I can remember when TV was limited to just four or five broadcast channels, and that was it. I remember when the first 36-channel cable box arrived, with much rejoicing. I remember the days when VCRs first emerged, and how long it took for me to spend the big bucks (then) to buy one. In other words, my formative years were steeped in non-directed viewing, and it’s taking me some time to unlearn those habits.
Directed viewing is the future, and a lot of the present. When you dig around online to find a particular old Looney Tunes cartoon, or when you order an episode of Downton Abbey on demand, or when you pop in a DVD or Blu-ray disc, that’s directed viewing. The old days of flopping on the couch and channel surfing to see what’s on, that’s non-directed.
Watching a lot of free-to-air TV networks, it’s easy to think, “Hey, I could run a channel as well as that.” FTA viewing is pretty much non-directed, unless you use a DVR with it. But satellite time is expensive, and internet streaming is pretty cheap. And that’s why I started experimenting with TVU Networks, as I explained a few posts ago.
You remember the old cartoon Falling Hare, where Bugs Bunny fights a gremlin? (You can watch it here.) The gremlin convinces Bugs to whack a bomb just right to make it go off. After a wild windup, just as he’s about to hit the bomb, Bugs stops short and yells, “What am I doing?” That was my flash of insight as I dug deeper into launching a 24-hour internet channel. It’s all in the difference between directed viewing and non-directed viewing.

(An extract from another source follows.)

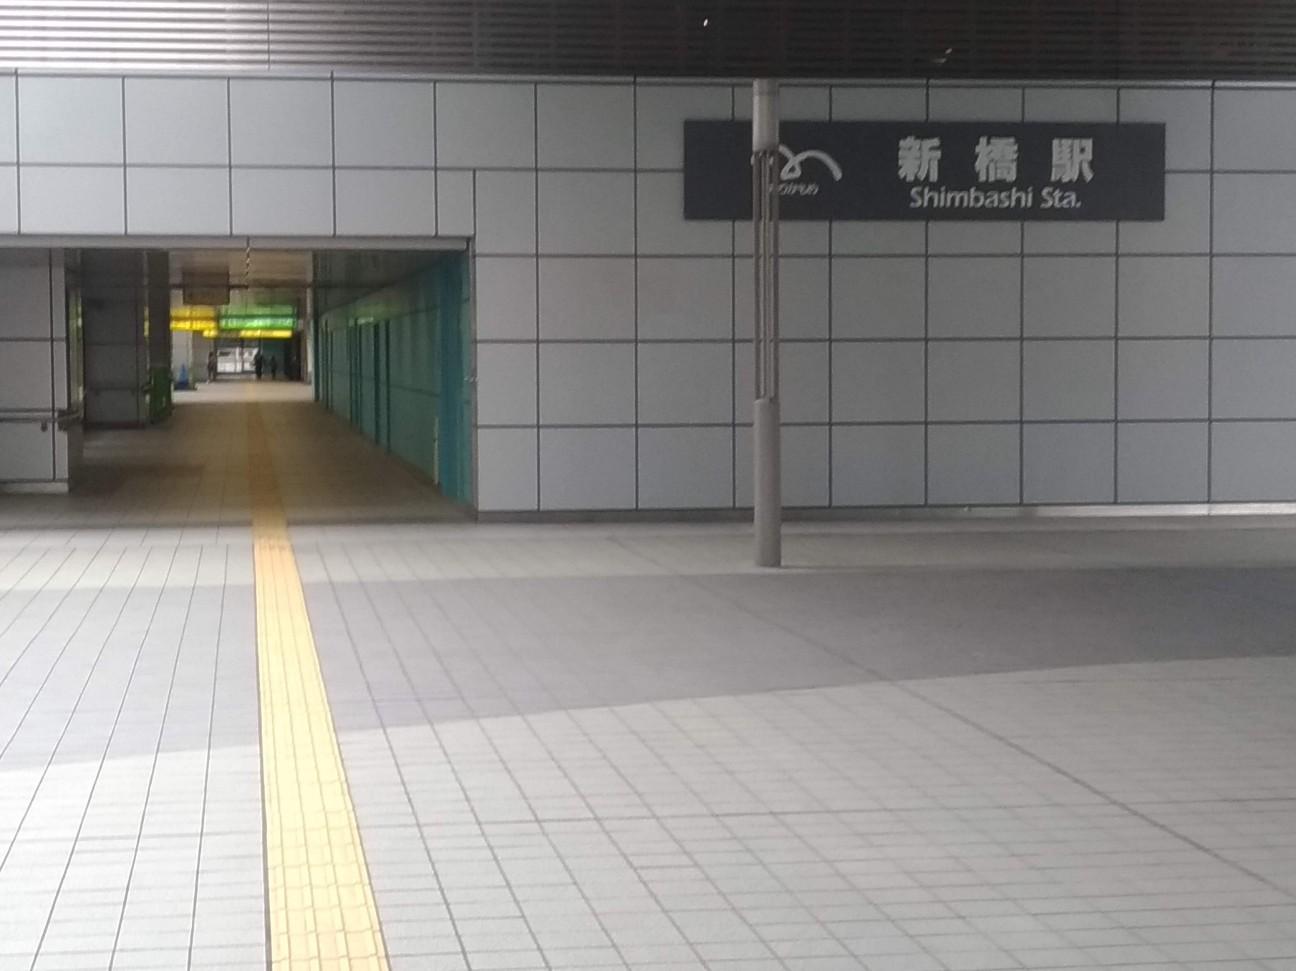 f:id:HKT1989:20200418144720j:image

If you’re on the internet already, you have a zillion on-demand options for viewing content, and you’ll probably use them. Directed viewing. If you just want to hit the couch and flip around, you’ll probably be watching broadcast TV or cable/satellite channels. Non-directed viewing. Put it all together, and a 24-hour online-only entertainment channel is probably a bad idea. Good thing I stopped!